On 28 January 2019 ISHR presented a blueprint for States with recommendations to some of the key issues the Human Rights Council should address in 2019. 

In 2018, the Council adopted some landmark decisions

  • an independent investigative mechanism on Myanmar
  • Yemen, renewing the mandate of the Group of Eminent Experts
  • Burundi, extending the mandate of the Commission of Inquiry.

At the same time, several situations of gross rights violations escaped Council scrutiny for political reasons.[see also: https://humanrightsdefenders.blog/2018/12/04/general-assemblys-3rd-committee-concludes-2018-session/]

The annual “High Level Segment” in March 2019 is a critical opportunity to set the agenda for the year. The Human Rights Council’s three regular sessions in March, June/July and September are further opportunities to advance priorities.

Here is ISHR’s checklist on the human rights situations and issues which should be advanced in 2019.

States should commit to strengthening the Council by demonstrating leadership, principled action and sustained follow through.

All regional groups presented the same number of candidates as seats for the 2018 Council elections and several States with terrible human rights records and with poor records of cooperation with UN mechanisms were elected, turning the elections into more of an appointment process, and going against the vision of the Council’s founding document.

States should collectively express concern about China’s failure to uphold human rights principles and protect the rights of its citizens, especially ethnic Uyghurs and Tibetans and those involved in the defence of human rights.
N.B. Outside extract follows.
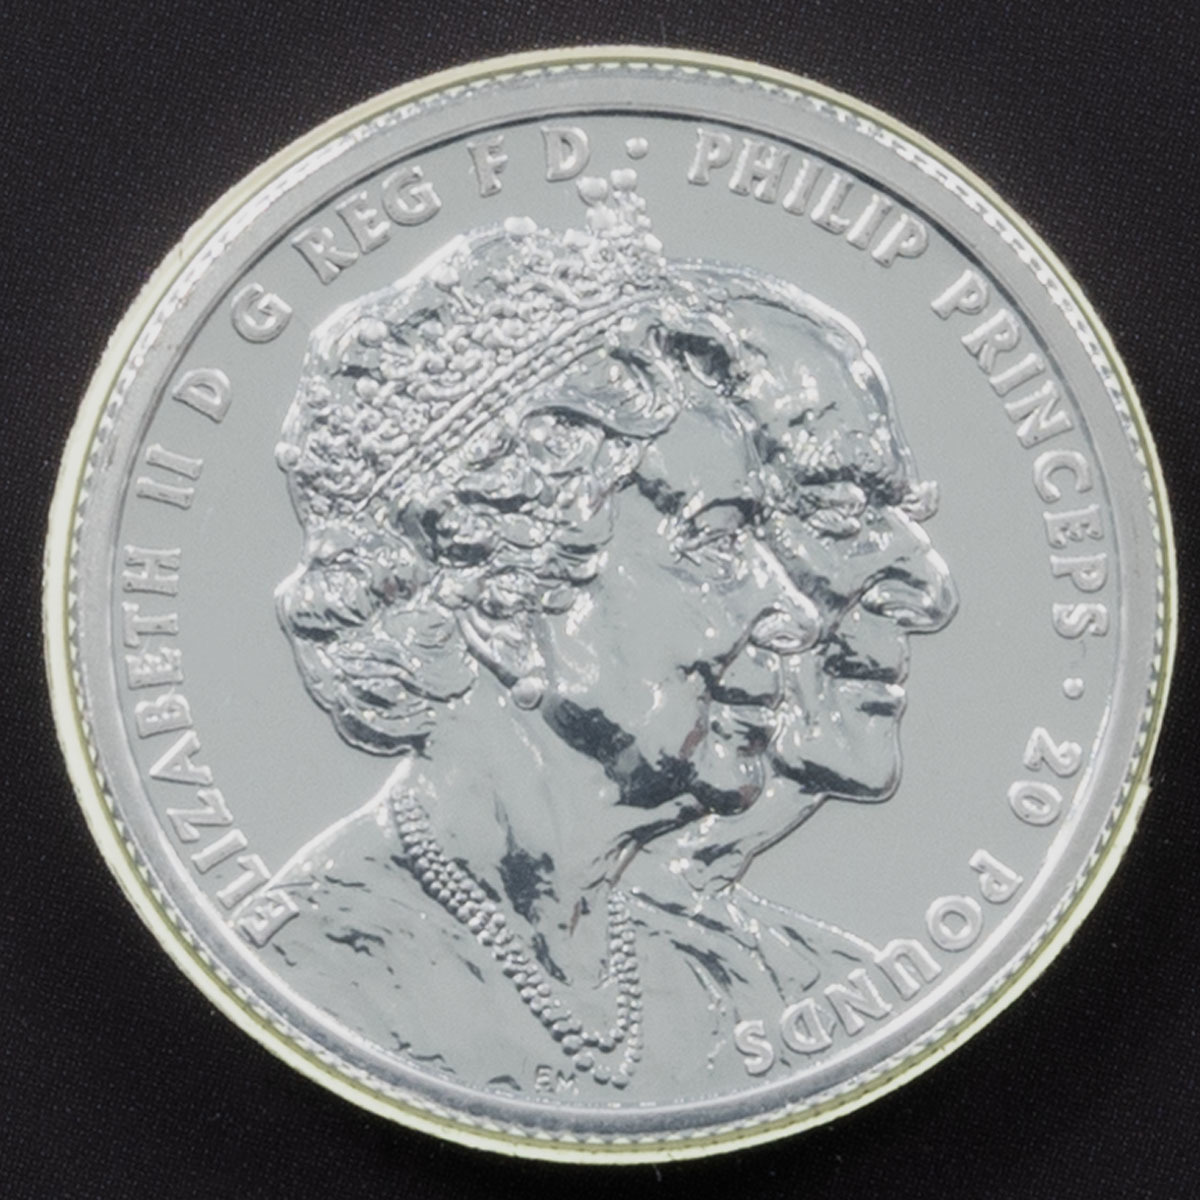 UK1720PW 2017 Platinum Wedding Queen Elizabeth II Prince Philip Duke Of Edinburgh Twenty Pound Brilliant Uncirculated Coin In Folder Obverse

China’s rejection of critical dialogue and universal principles is especially worrying as the Chinese government becomes increasingly active in the Council – a space dedicated to those same values.

States should also collectively press for the immediate and unconditional release of detained women human rights defenders in Saudi Arabia. If the international community is serious about contributing to advancing women’s rights in Saudi Arabia, it should recognise Saudi women human rights defenders as agents of change and urge the Saudi authorities to take all necessary measures to guarantee a safe and enabling environment for them to continue their vital work.

States should also initiate Council action to address recent cases of reprisals in Egypt as reported by the Special Rapporteur on the right to adequate housing after her visit in September 2018. These attacks come amidst a context of wide-scale repression against civil society through intimidation, arbitrary arrests, unfair prosecutions and travel bans.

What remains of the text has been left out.